Universal Basic Income

Many politicians and mainstream news outlets are telling us that our modern digital and post-industrial economy has reduced or transformed whole classes of jobs. With online shopping, retail sales jobs are disappearing; robots are replacing factory workers, and industrial farming has replaced field laborers. In response, some countries, such as Finland and Netherlands, are testing out a Universal Basic Income (UBI). In such a system, the government would collect taxes from all and give each individual enough money to cover basic living expenses, e.g., housing, food, and transportation. A lobbying group called Basic Income Action has been formed in the United States to promote Universal Basic Income. Some say that providing such security to all would save individuals from having to make bad choices out of desperation (about where to work, for instance), and they also claim that injecting money into the economy where the poor and middle-class trade would be better for businesses too, as people would have more money to spend.

There are alternative UBI systems that are designed to run outside government control. These are decentralized networks using blockchain technology to equitably distribute all the proceeds that are contributed to the system by the user. Anyone can join such a UBI community, which would function like a Socialist system operating in parallel.  Because such UBI systems are voluntary, there should be no objections to their existing and operating.

However, a government-run UBI system would not be voluntary.  A Federally or State controlled UBI program would create dependence on centralized government, which could be disastrous.  There is a much more obvious and straightforward solution to the problem of the bottom 60% of Americans not earning enough to obtain financial security.

Instead of collecting taxes and then redistributing that money to pay for everyone’s basic food and housing, government should first simply abolish taxes on the poor and middle class. Government could allow every citizen to own a modest home tax free and to earn a modest wage tax free. Regarding food and housing, self-sufficiency should be the goal, not dependence on government.  For other necessities that require community effort, a Public Bank should provide those funds, for instance for a public health insurance program, basic retirement and disability insurance, free access to information and reliable, lost-cost and convenient mass transportation. (See Roles of Business, State, and Charity.) One of the reasons why corporations switch from people to robots is that the costs of health insurance, workman’s comp and pensions for employees.  If the government provided essential insurance programs, then hiring people would be more economically viable for businesses.

The problem is not that jobs are disappearing.  The problem is that most jobs are low paying.  Ideally every household in the U.S. should live comfortably on a single paycheck, or two part-time paychecks.  Americans work more hours than people do in most first-world countries.  If mindless and low-skill jobs are replaced by robots and unemployment reaches 50%, then the remaining jobs should be higher paying and more fulfilling.

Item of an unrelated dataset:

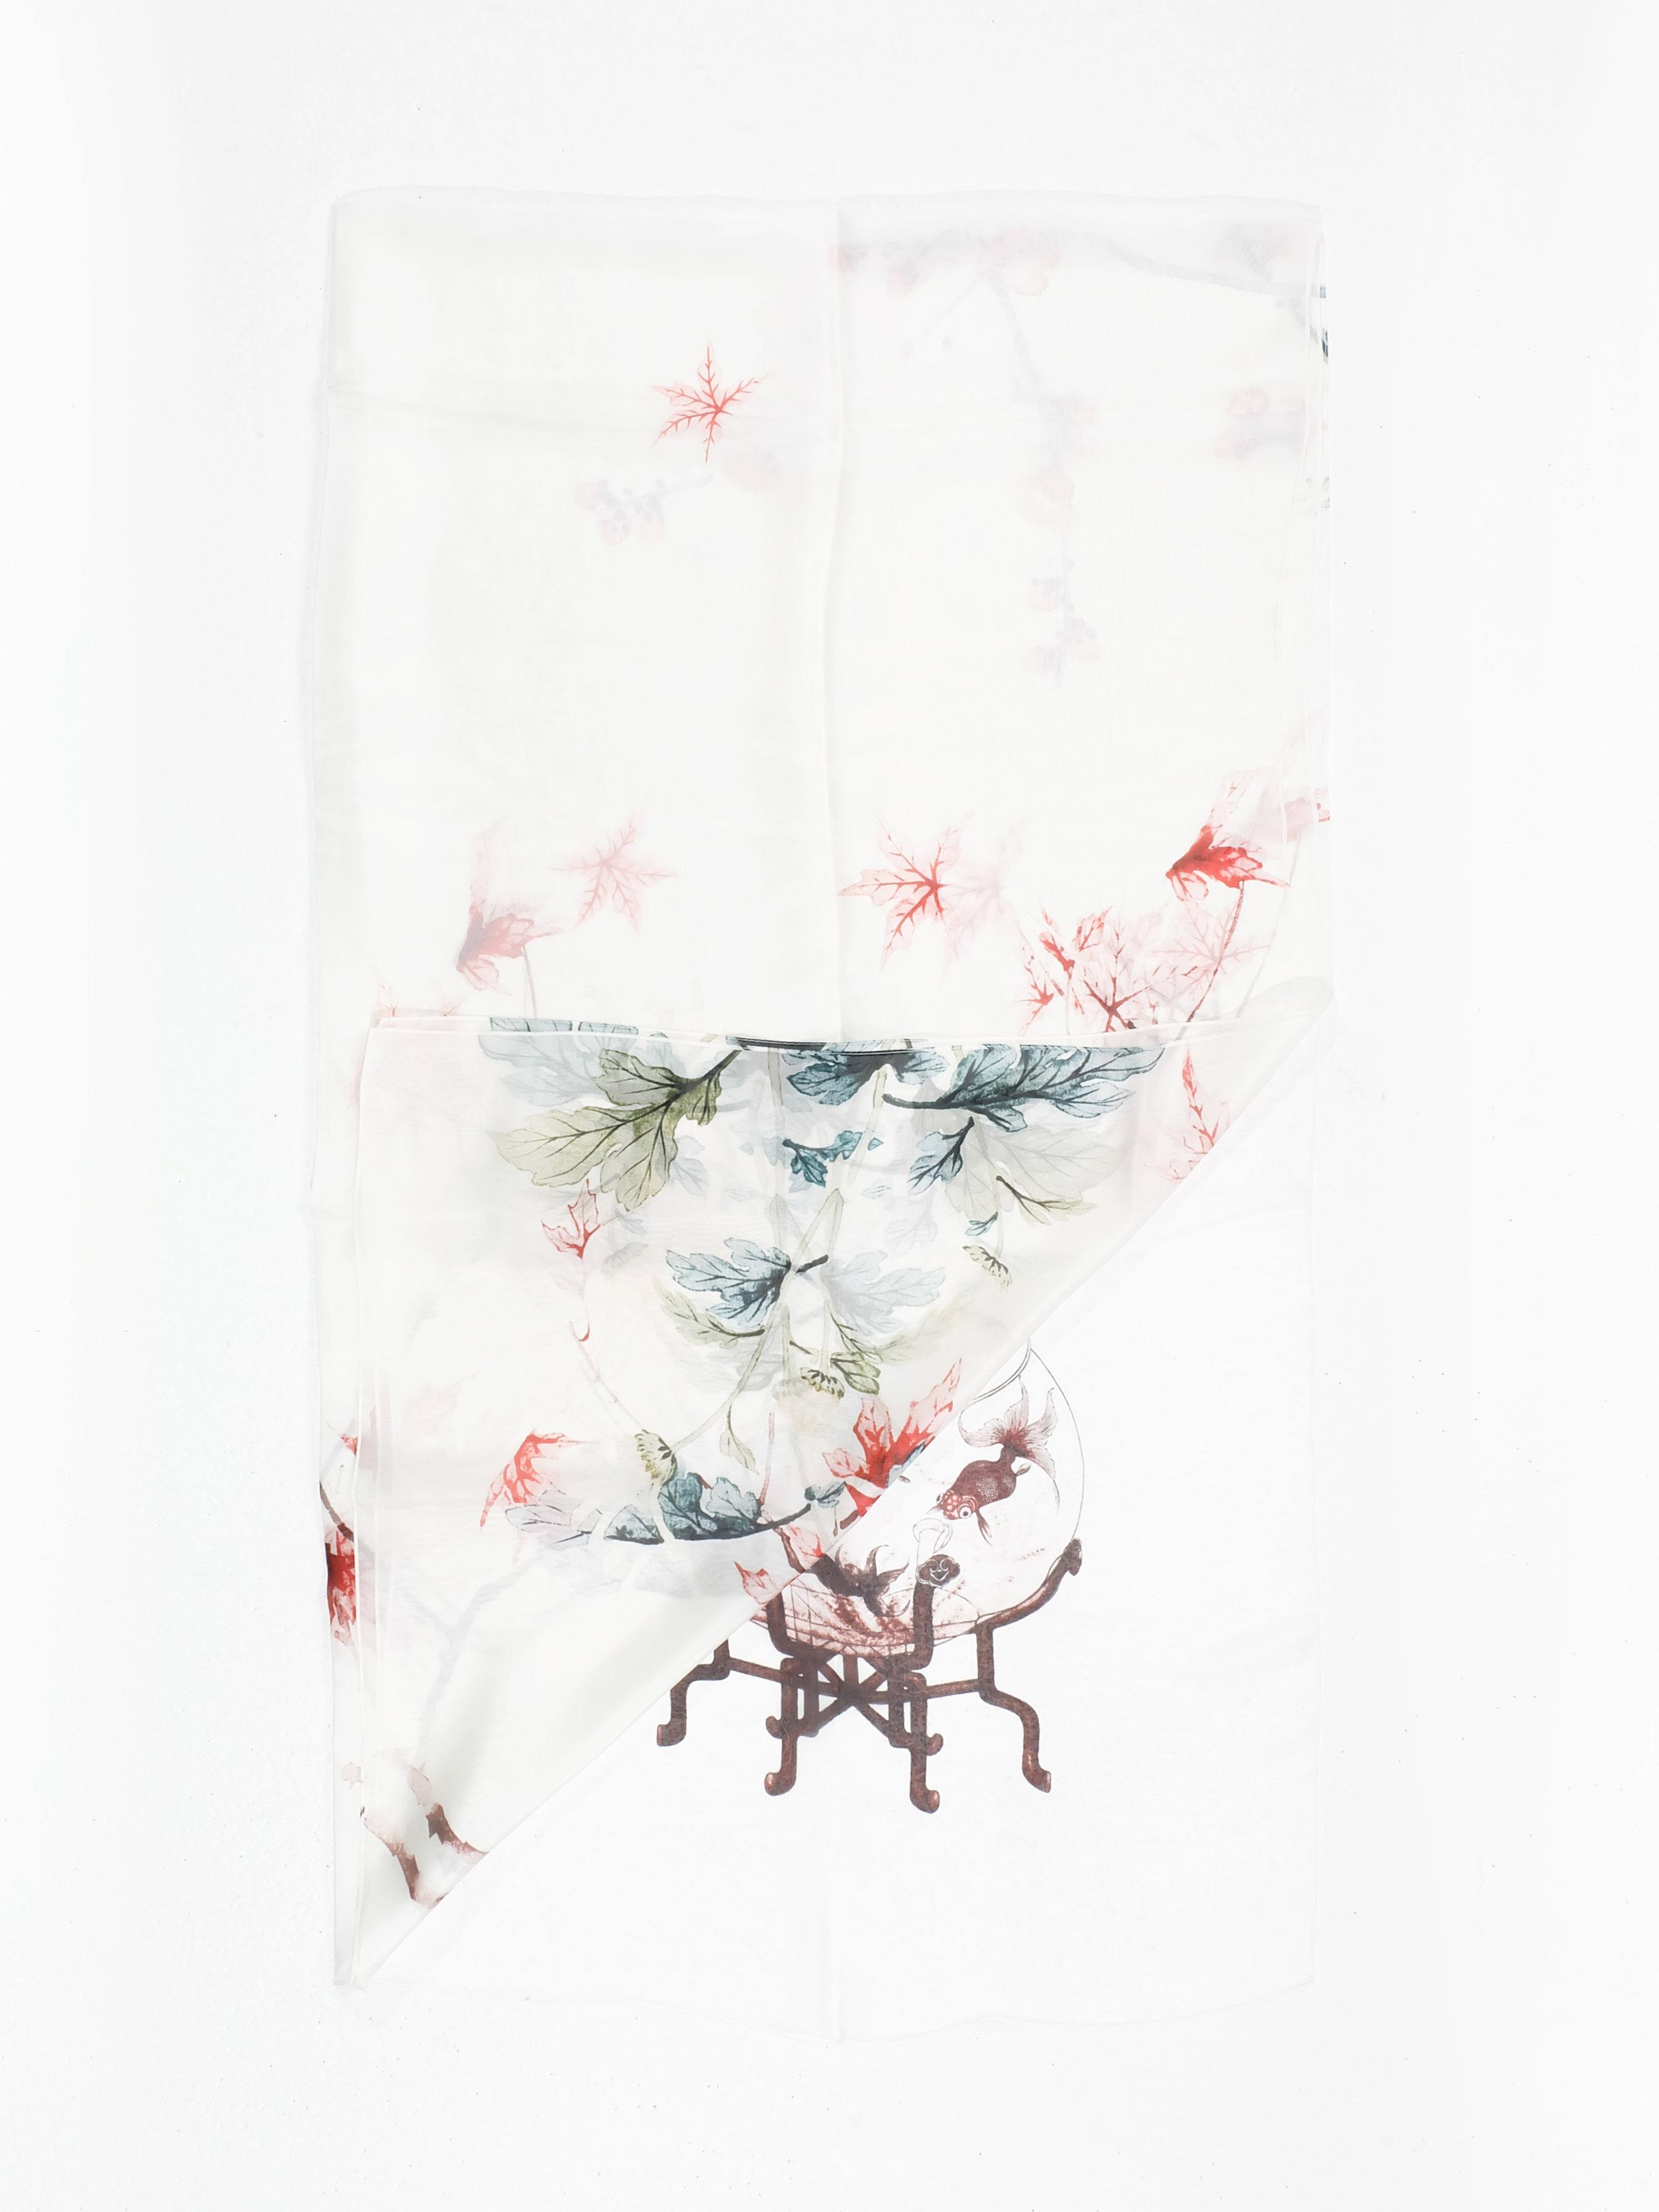 Daydream (White) - 196x112cm

Furthermore because people might spend UBI money irresponsibly, most likely UBI payments would come in the form of vouchers so that people would be forced to spend the vouchers on approved goods and services, and this would create an opportunity for corruption in the industries that get the approvals.  UBI is another form of privatization of social services, which redirects tax money toward for-profit industries. Privatization has been disastrous in the prison system and health insurance system, causing the cost of those services to soar and the quality of those services to decline.